Efficacy and safety of immune checkpoint inhibitors in patients with non‐small cell lung cancer aged 80 years or older

Zentaro Saito 1, Kohei Fujita 1,, Misato Okamura 1, Takanori Ito 1, Yuki Yamamoto 1,2, Osamu Kanai 1, Masayuki Hashimoto 3, Koichi Nakatani 1, Satoru Sawai 3, Tadashi Mio 1
PMCID: PMC8714532  PMID: 33934572

Abstract

Background

In Japan, over 25% of the population is elderly. As the risk of lung cancer increases with age, the number of elderly patients with lung cancer also increases. Given the challenges of an aging society, it is critical that elderly patients receive safe therapies.

Aim

We assessed the safety and efficacy of immune checkpoint inhibitors (ICIs) in patients with non‐small cell lung cancer (NSCLC) aged ≥80 years.

Methods

We retrospectively reviewed NSCLC patients aged ≥80 years old who received ICIs in the National Hospital Organization Kyoto Medical Center. We collected data on patient characteristics, prior treatments, number of cycles, response, and immune‐related adverse events (irAEs) during ICI monotherapy.

Results

A total of 45 patients were reviewed. The patients' median age was 85 years. Twenty‐one, 17, and 7 patients received nivolumab, pembrolizumab, and atezolizumab, respectively. The disease control rate (partial response [PR] + stable disease [SD]) was 60.0%, and the progression‐free survival was 3.4 months. In patients with nivolumab, seven patients (33.3%) achieved SD, and three patients (14.2%) achieved PR. In patients treated with pembrolizumab, seven patients (41.2%) achieved SD, and six patients (35.3%) achieved PR. In patients with atezolizumab, three patients (42.9%) achieved SD, and one patient (14.2%) achieved PR. Sixteen (36%) patients presented with a poor performance status. Three patients treated with pembrolizumab experienced grade 3 pneumonia, while one patient treated with nivolumab experienced grade 5 pneumonia.

Conclusion

This study suggested that ICIs are an acceptable treatment option for NSCLC patients aged ≥80 years.
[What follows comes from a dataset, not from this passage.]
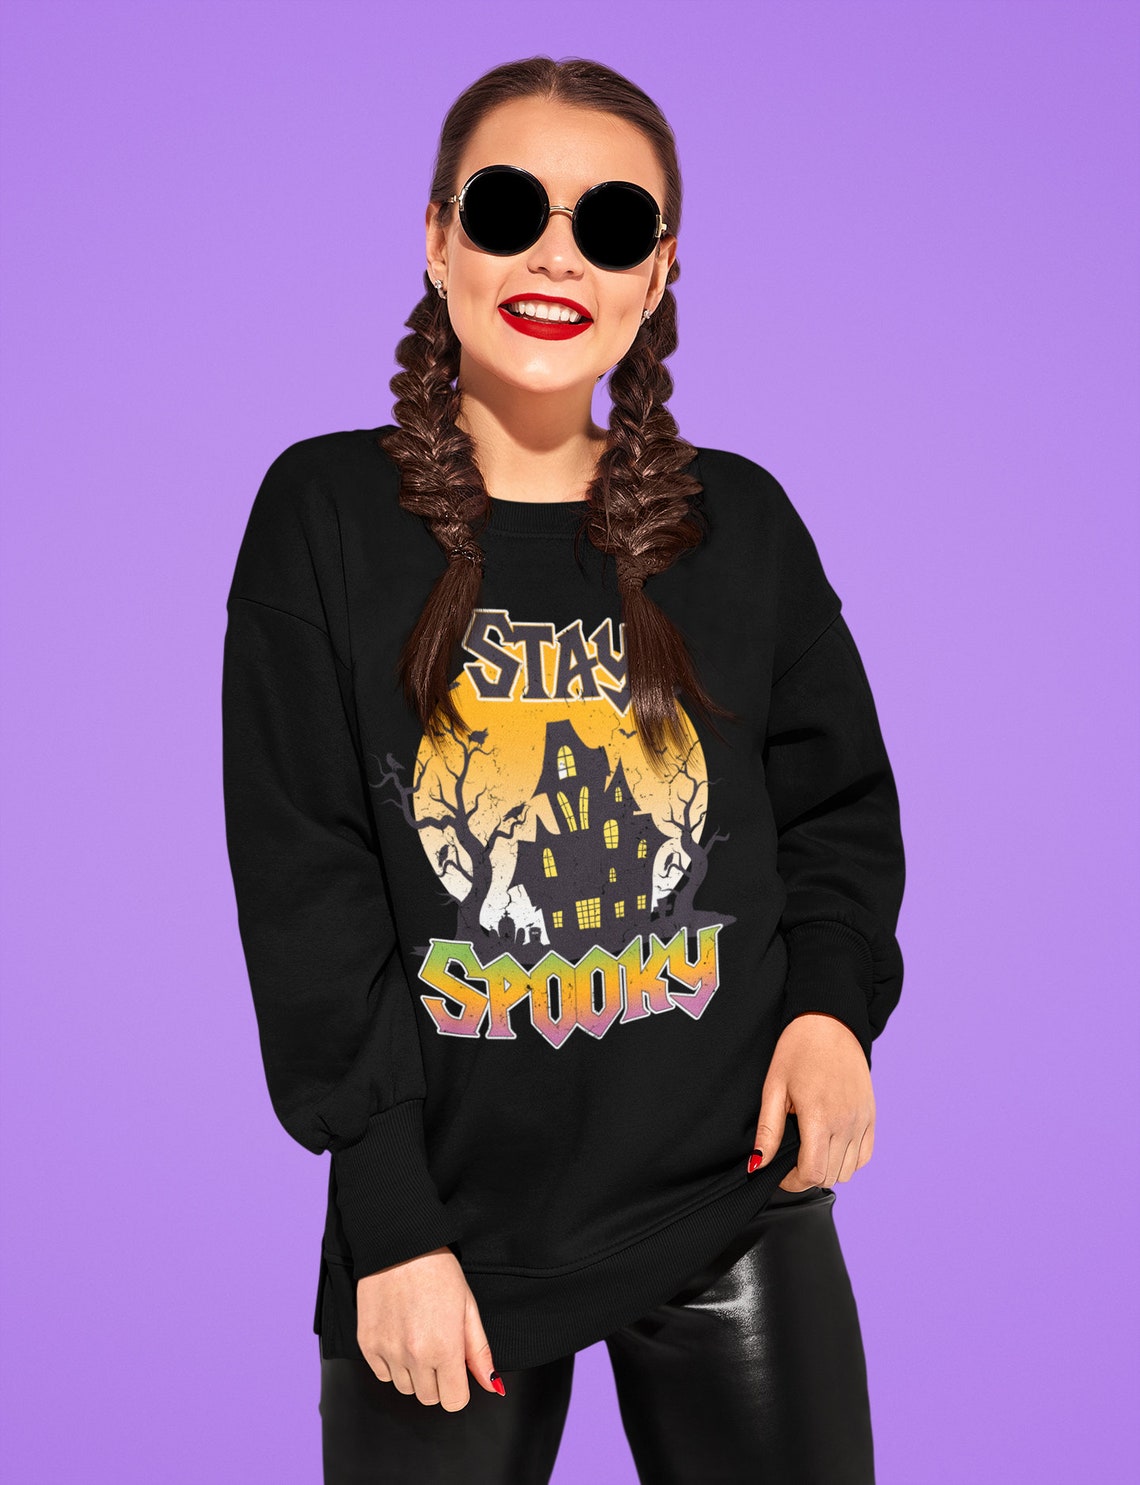 Stay Spooky Halloween Sweatshirt/ Halloween Fall Sweater/ Toddler, Youth and Adult Sizes Available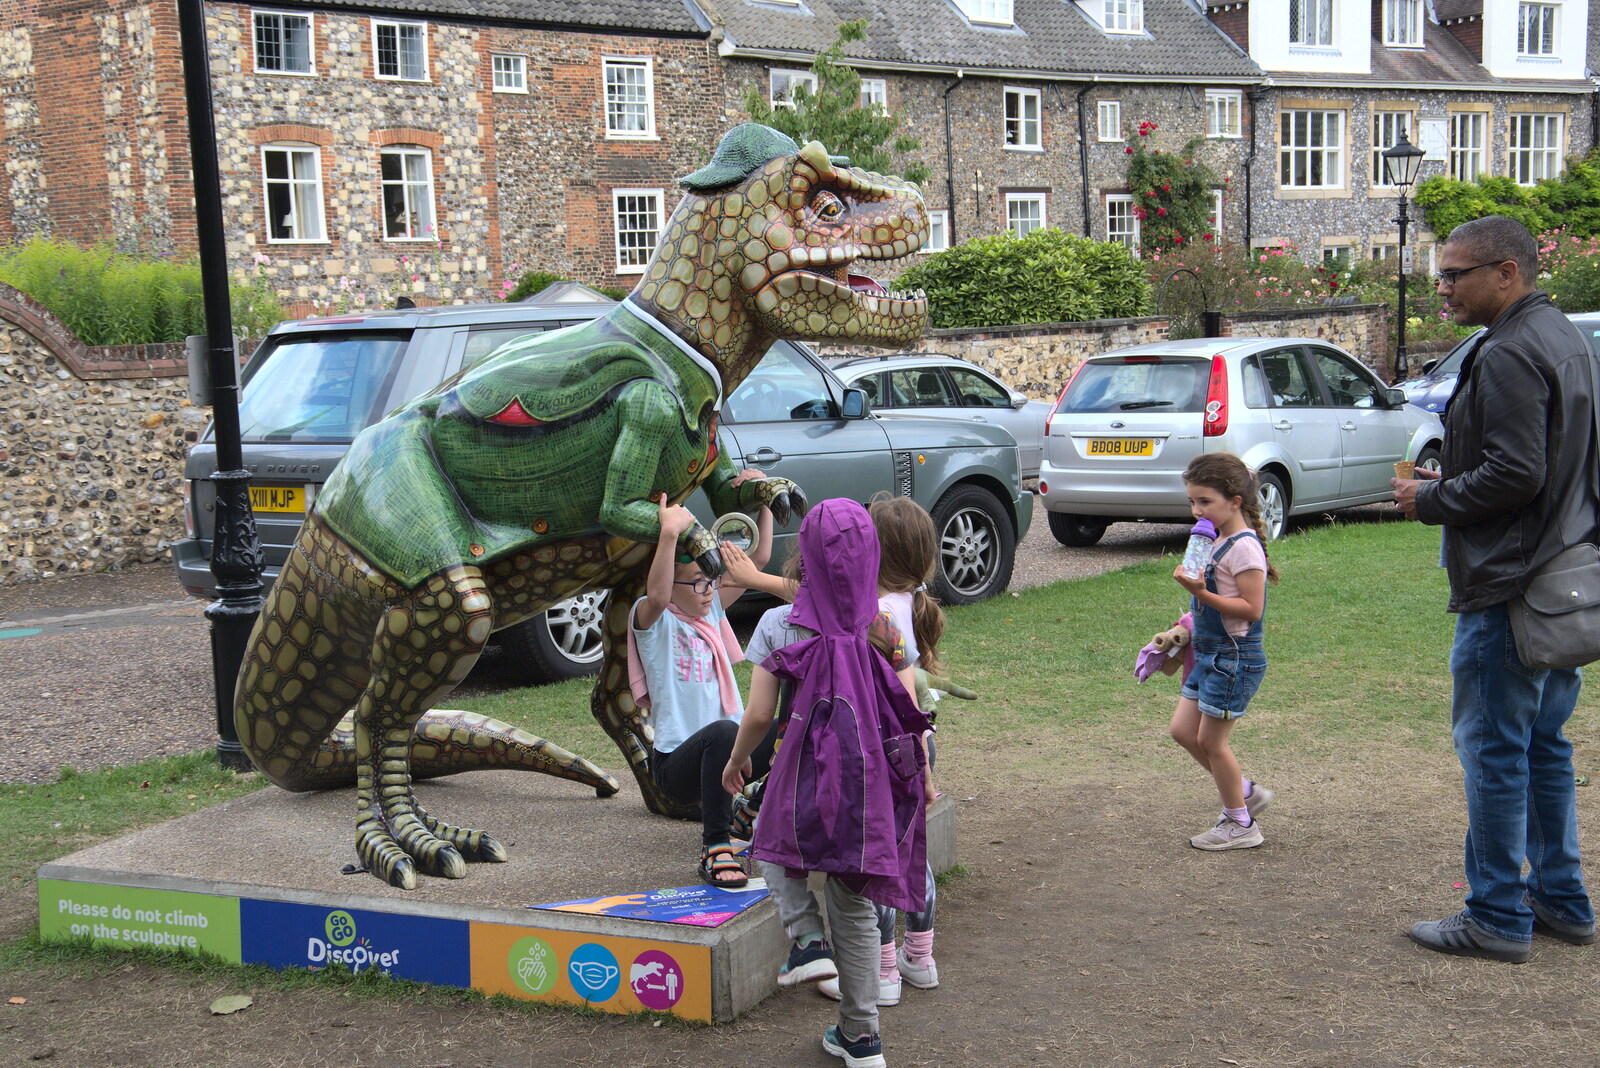 There's a Sherlock Holmes dino in the close from Dippy and the City Dinosaur Trail, Norwich, Norfolk - 19th August 2021

Oncologists should pay attention to severe irAEs.

Keywords: elderly patients, immune checkpoint, immunotherapy, lung cancer

1. INTRODUCTION

Recently, immune checkpoint inhibitors (ICIs) have proven efficacious for the treatment of lung cancer. 1 In Japan, currently, the anti‐programmed cell death (PD)‐1 antibodies nivolumab and pembrolizumab, and the PD‐ligand 1 (PD‐L1) antibodies atezolizumab and durvalumab have been approved for the treatment of lung cancer. However, durvalumab is only approved for use after chemoradiotherapy, while the other three ICIs can be used for conventional lung cancer treatment. 2

In Japan, over 25% of the population is elderly, and the number of adults aged 80 years or older has been gradually increasing, emblematic of a super‐aging society. Inevitably, the incidence of lung cancer is higher in older populations, and the median age for the diagnosis of lung cancer is around 70 years. 3 Given the concerns on the potential for adverse events, it is often difficult to perform conventional cytotoxic chemotherapy in elderly patients. However, a recent report demonstrated that ICIs improved survival in both younger (<65 years old) and older groups (≥65 years old), 4 indicating that ICIs may represent a better treatment option for elderly patients. However, to date, there have been no reports evaluating the efficacy and safety of ICIs in patients aged 80 years or older.

In this study, we aimed to evaluate the efficacy and safety of ICIs in patients aged 80 years or older with non‐small cell lung cancer (NSCLC).

2. PATIENTS AND METHODS

This retrospective cohort study was conducted at the National Hospital Organization Kyoto Medical Center (600 beds), in Kyoto, Japan. We reviewed the clinical data of patients with NSCLC aged 80 years or older who received anti‐PD‐1 antibodies and anti‐PD‐L1 antibodies between December 2015 and April 2020. All patients had pathologically confirmed NSCLC. We included patients treated with nivolumab, pembrolizumab, or atezolizumab ICI monotherapy irrespective of any history of previous cytotoxic, epidermal growth factor receptor (EGFR), or tyrosine kinase inhibitor (TKI) therapy. We administered nivolumab, pembrolizumab, and atezolizumab at 3 mg/kg or 240 mg/body biweekly, 200 mg/body every 3 weeks, and 1200 mg/body every 3 weeks, respectively.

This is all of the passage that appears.